DATA BELOW:
┄┄┄┄┄┄┄┄┄┄┄┄┄┄┄┄┄┄┄┄

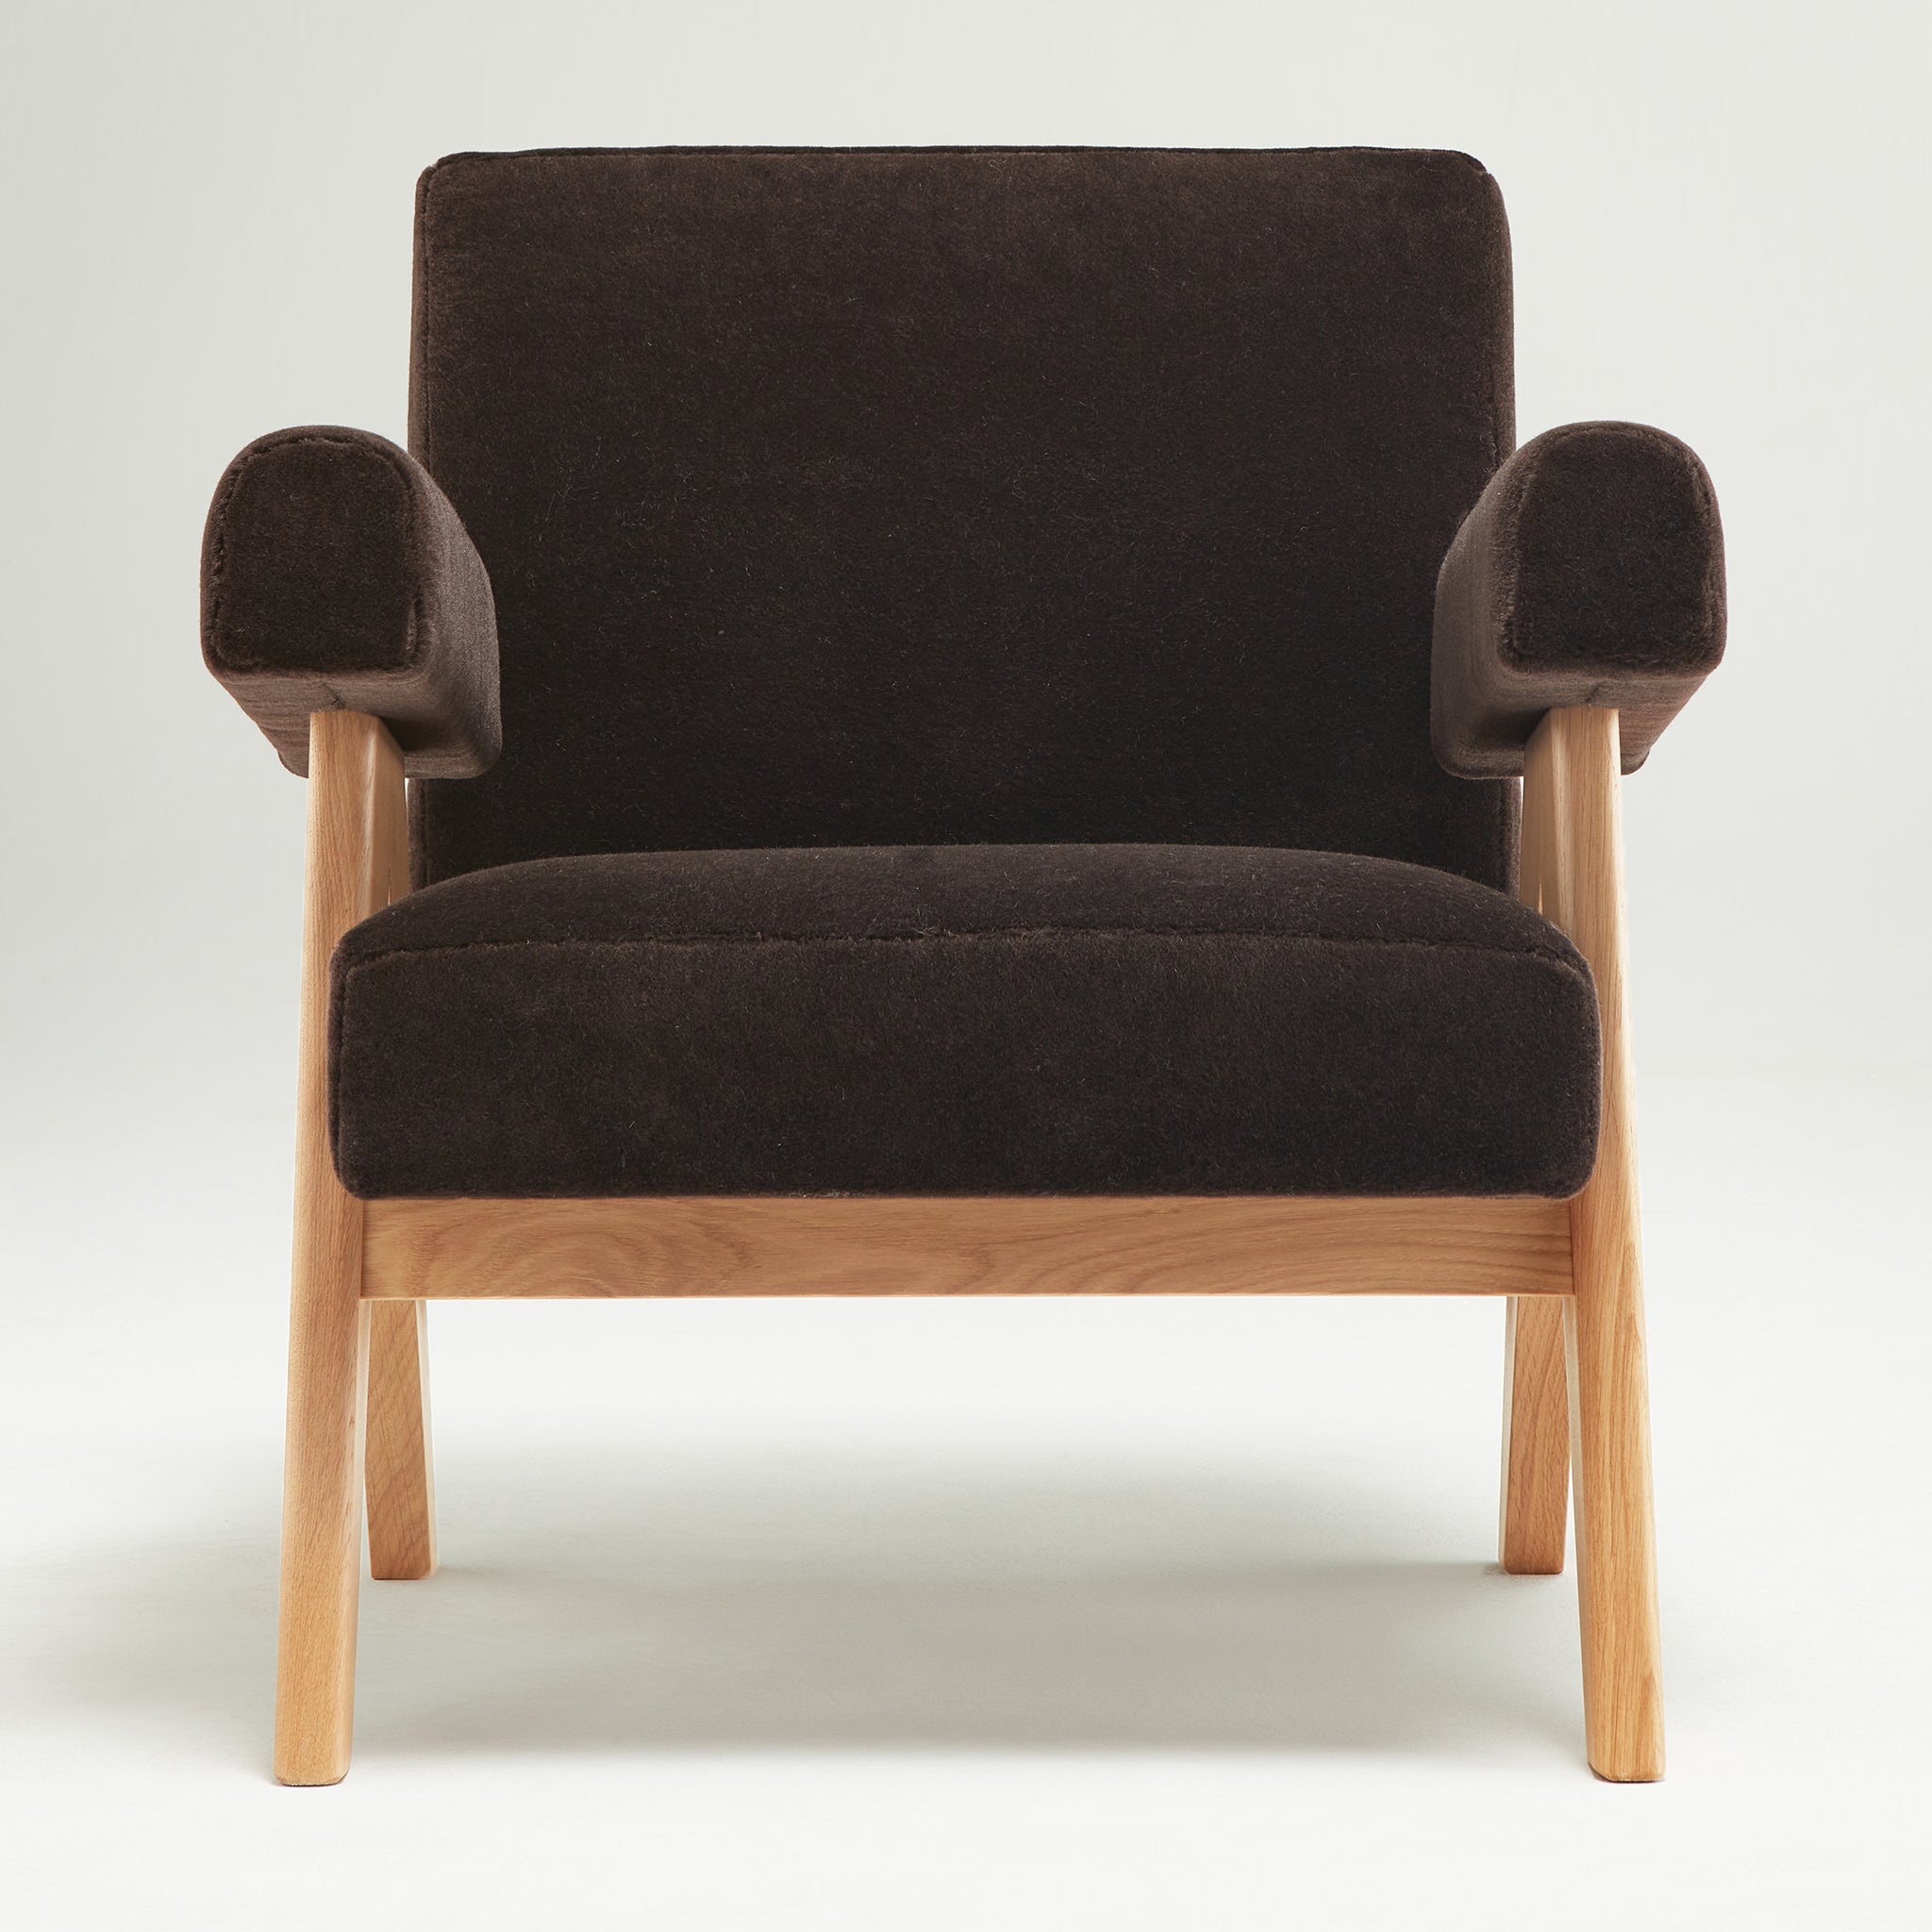 Front view of an authentic chandigarh lounge chair, pierre jeanneret era, natural oak frame, pierre frey choco teddy mohair upholstery, by Klarel #K35-31
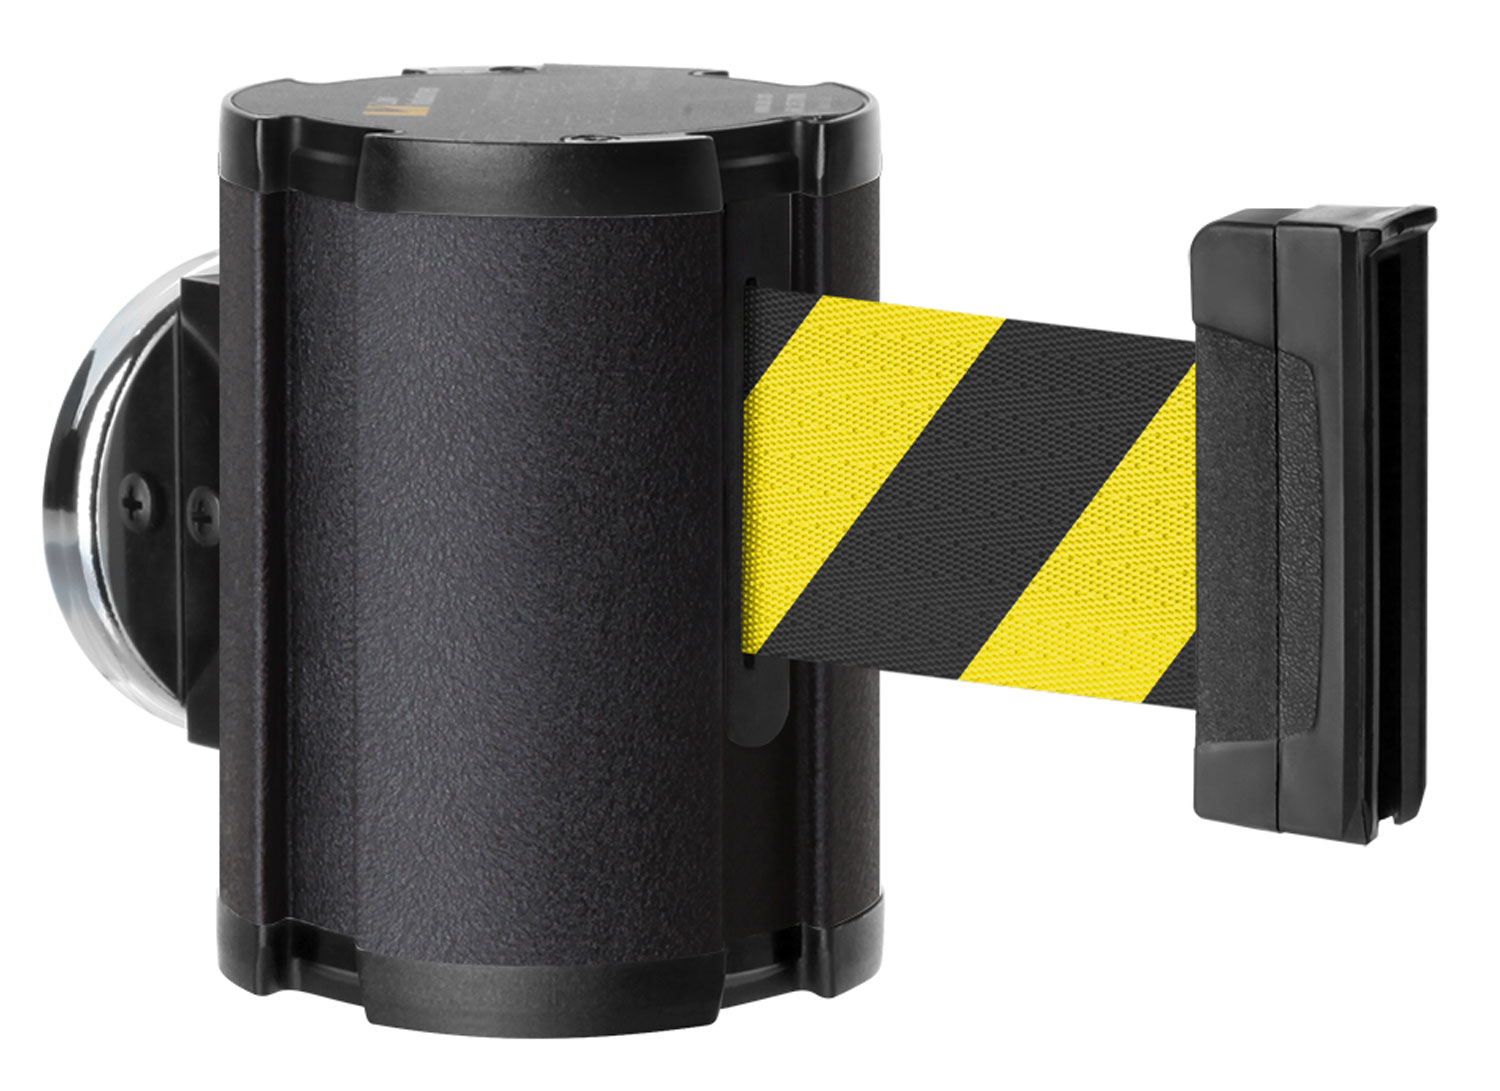 Magnetic Wall Mount - Crowd Control/Barriers
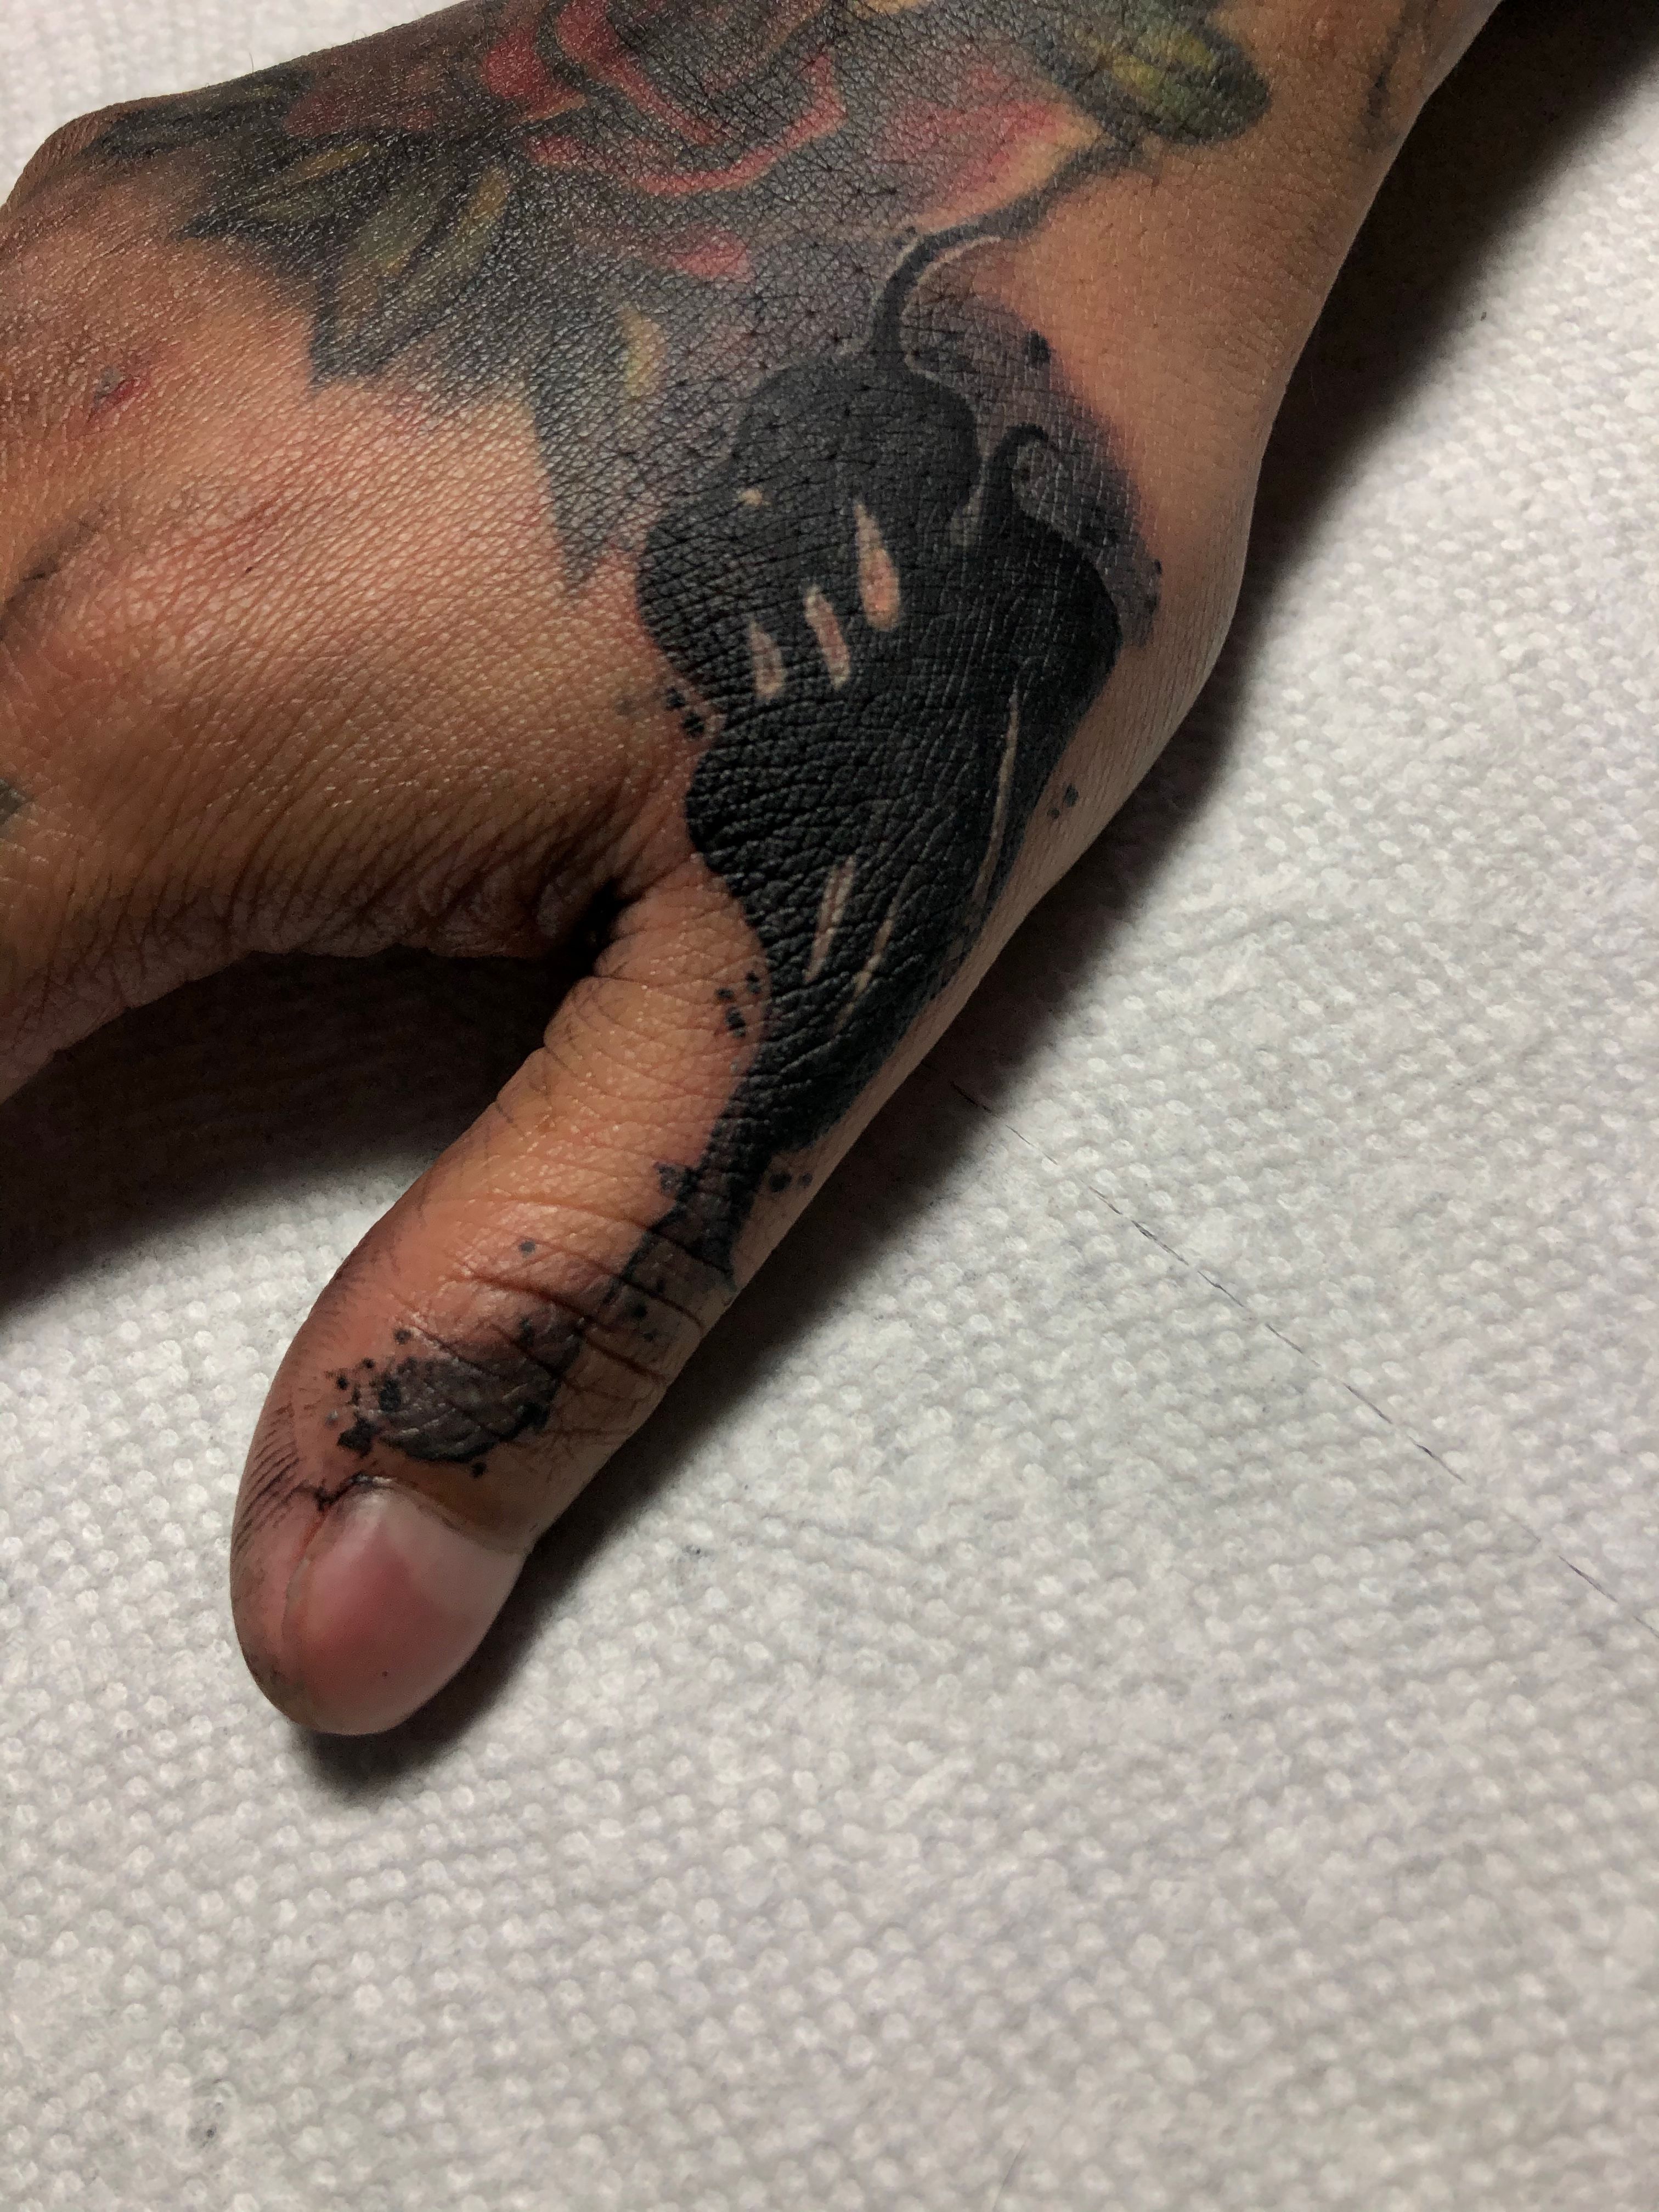 Minimalistic style fist tattoo located on the finger

┄┄┄┄┄┄┄┄┄┄┄┄┄┄┄┄┄┄┄┄

WHAT THE TASK ASKS:
An exact copy of every line above, minus the pictures, is the required output.

SOLUTION TO THE PROBLEM:
 Front view of an authentic chandigarh lounge chair, pierre jeanneret era, natural oak frame, pierre frey choco teddy mohair upholstery, by Klarel #K35-31
 Magnetic Wall Mount - Crowd Control/Barriers
 Minimalistic style fist tattoo located on the finger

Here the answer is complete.